I recently joined the British journalists’ union, called the National Union of Journalists. Last night the Paris chapter of the NUJ held a recruitment evening at a bar near Oberkampf. I would have gone anyway, to meet my fellow NUJ people. But when I saw there would be music provided by NUJ members, I thought, YES! I will take my guitar and ask if I can play, and then I will go off and play at my usual Monday open mics.

The NUJ meeting turned out to be a great pleasure, lots of people, loud, a nice bar, and a very open mic. In fact, there was a stream of people asking to go up and play who had not been booked in advance, apparently. And they played, and I played.

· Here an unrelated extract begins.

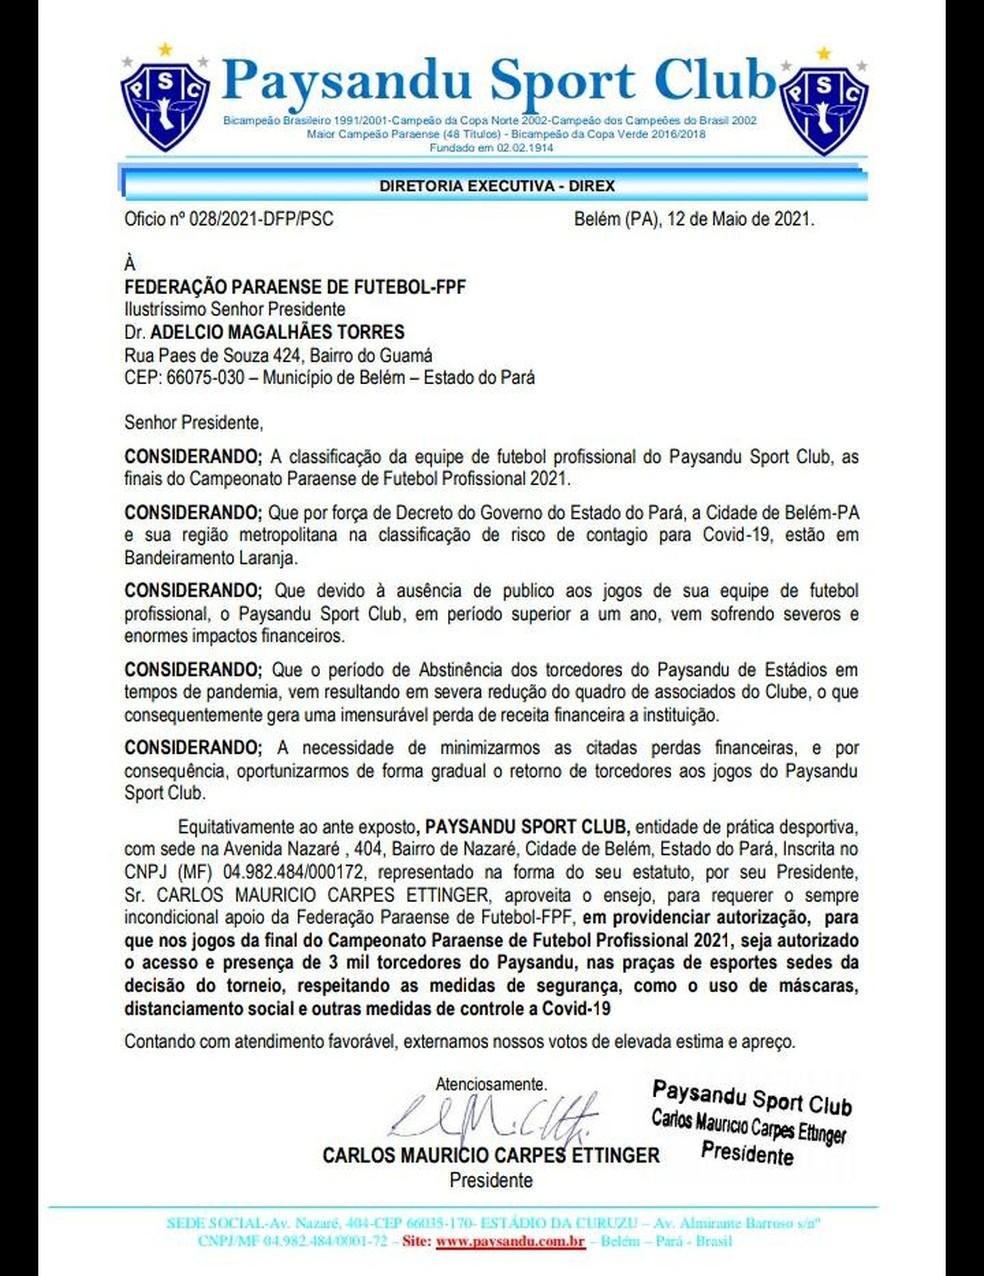 Ofício do Paysandu enviado à FPF solicitando a liberação de público na final do Parazão — Foto: Divulgação/Paysandu Sport Club

But among the best and most interesting musicians were Monkey Anna and a couple who played jazz guitar and sang. I had met Anna Brooke, who calls her band Monkey Anna, at a concert by the French band called Neimo. Anna is a journalist and musician, and she is currently working on an album and preparing her next concert, in Luxembourg, on the 2 July, at MUDAM (Musée d’Art Moderne Grand-Duc Jean). She writes original, interesting songs, sings and does a nice presentation. Of course, it was all recorded music last night. She also writes city guide books and other journalistic things.

After I played a couple of songs at the NUJ evening, I then moved on to the Galway and played five songs, and listened to Stephen Prescott and his fiddle player, Pierre, play a few songs. There were another couple of performers as well, while I was there.

I then went off, late, to the Tennessee Bar, and was too late to play. But I did see and hear a number of interesting acts, and there was a wonderful jam session at the end, in which James Iansiti also got up and sang. His rendition of “Little Wing” reminded me more of Sting’s than of Hendrix’s, but I loved it.

There was even an interesting moment when James opened up the stage for an unusual and different sort of barfly performer than what we usually see.